◆ **Data block**
---------------

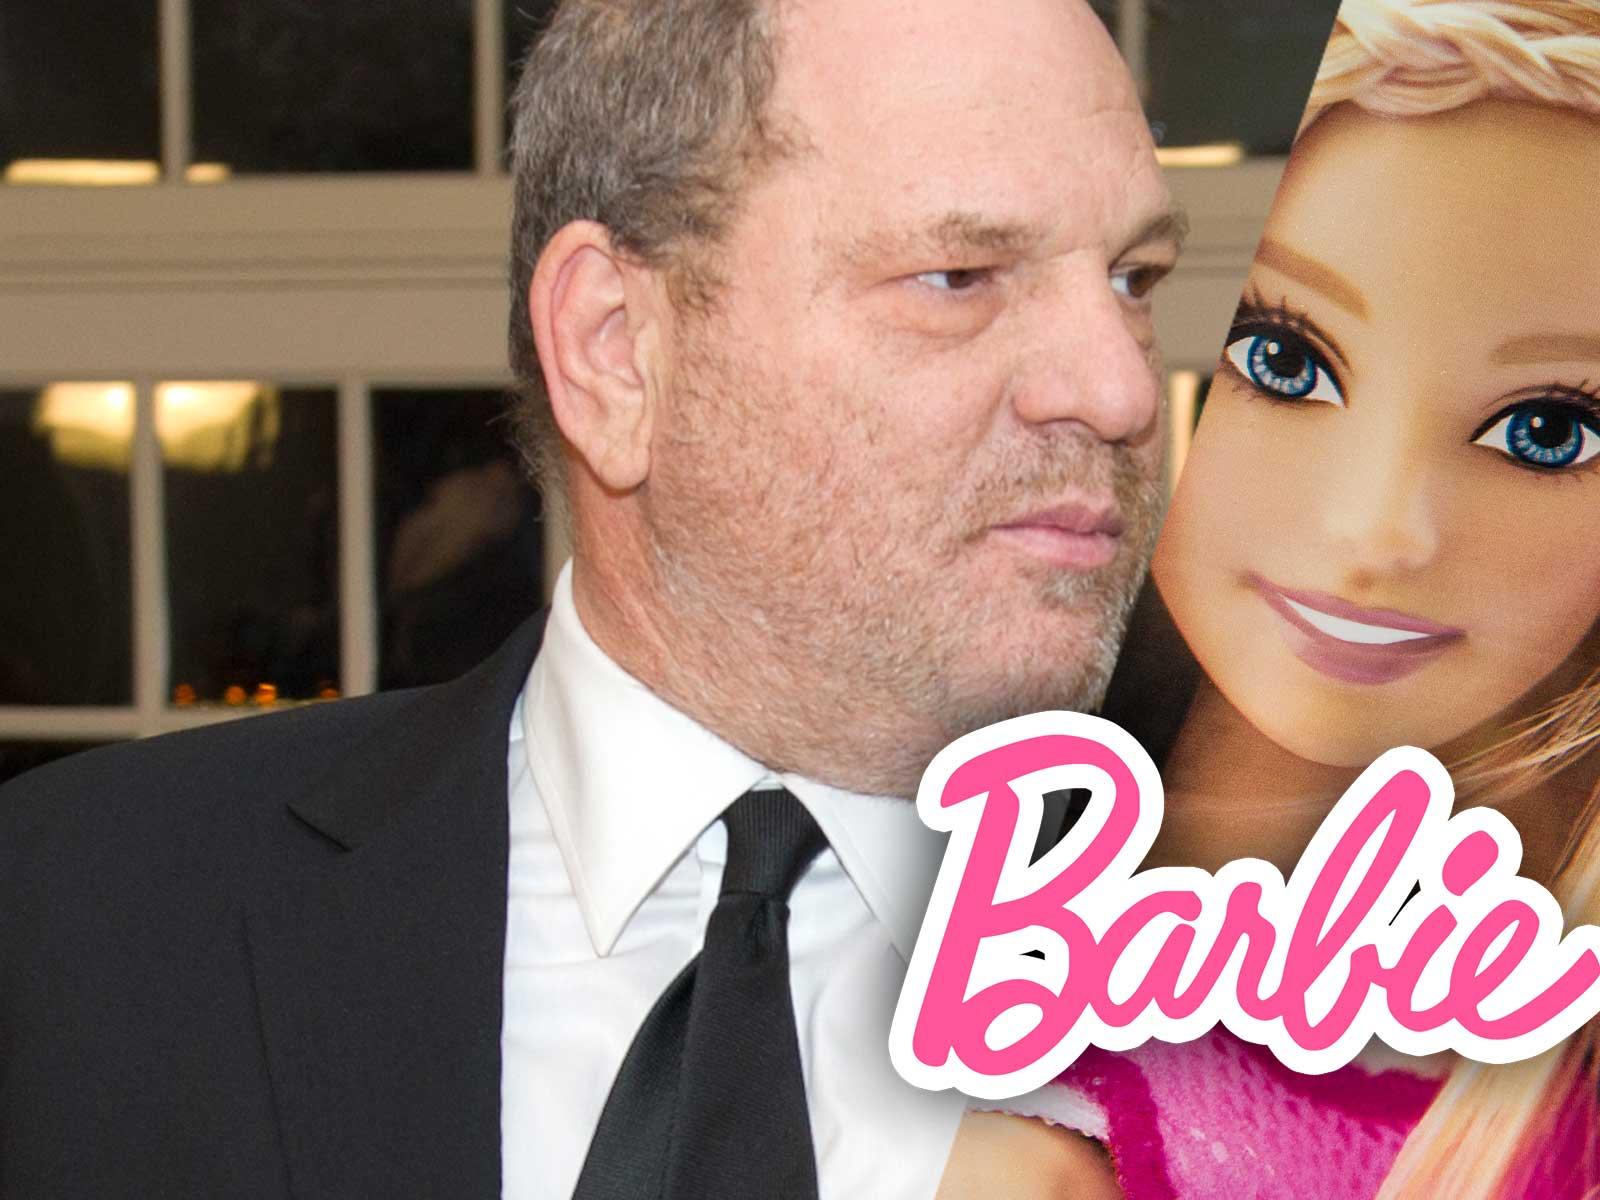 Barbie’s Lawyer Is Now Representing Harvey Weinstein
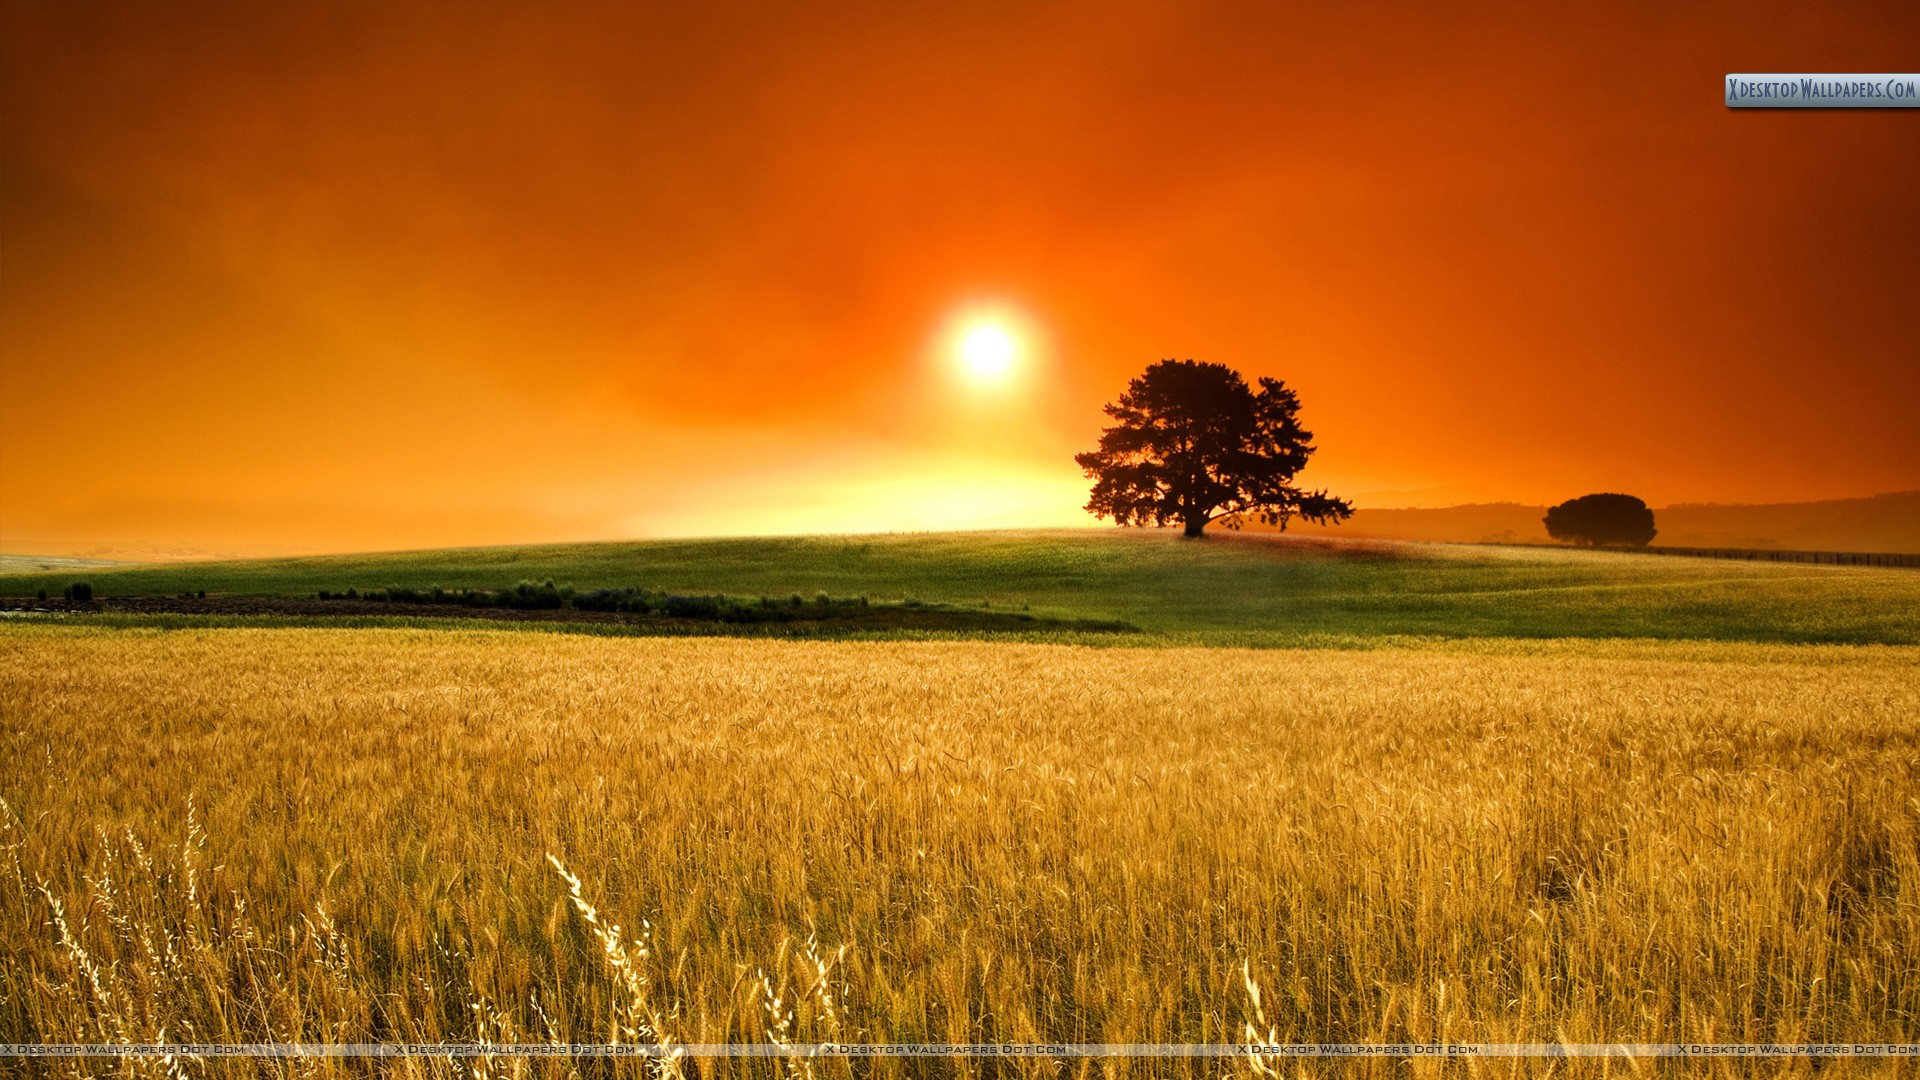 Sunrise Wallpaper, Photo & Image in HD
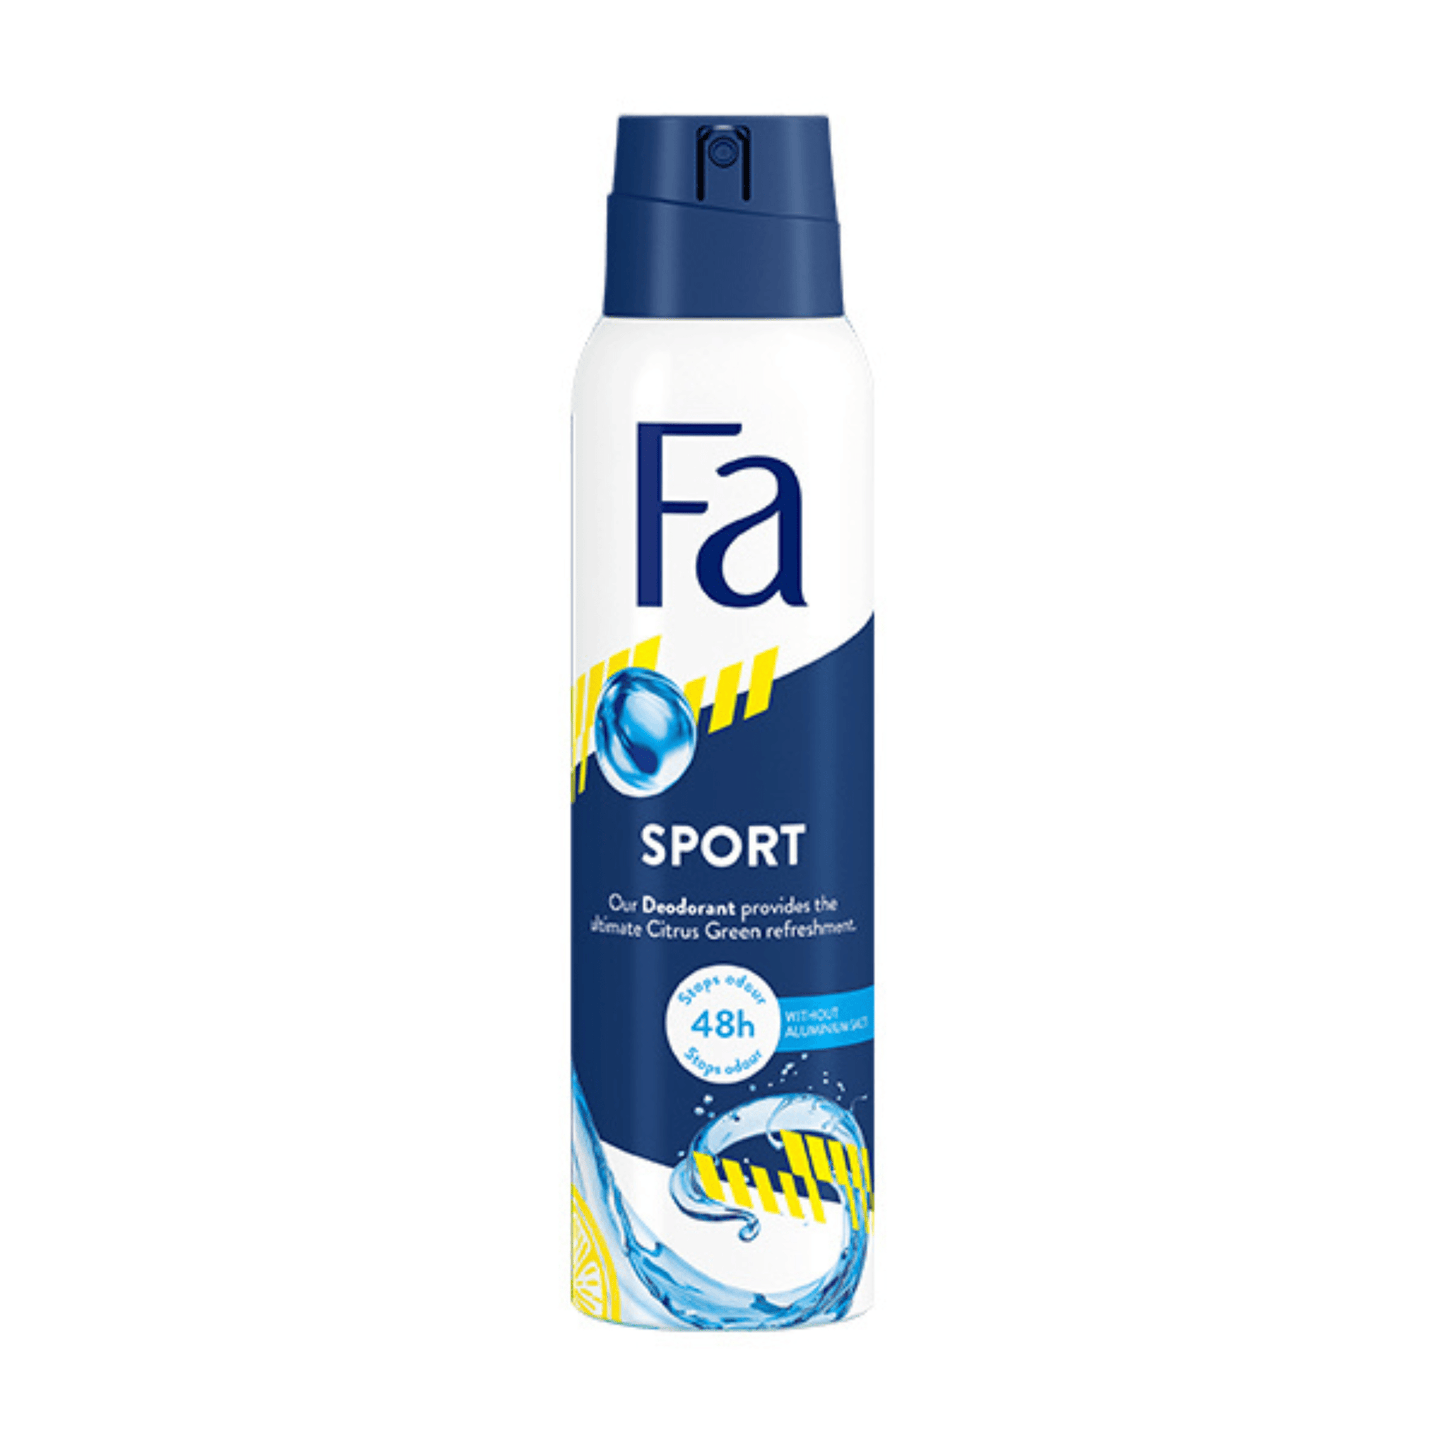 Primary Image of Primary image of Sport Spray Deodorant

---------------

◆ **Problem description**
In your copy, omit the pictures and restate every line of the data word for word.

◆ **Answer area**
 Barbie’s Lawyer Is Now Representing Harvey Weinstein
 Sunrise Wallpaper, Photo & Image in HD
 Primary Image of Primary image of Sport Spray Deodorant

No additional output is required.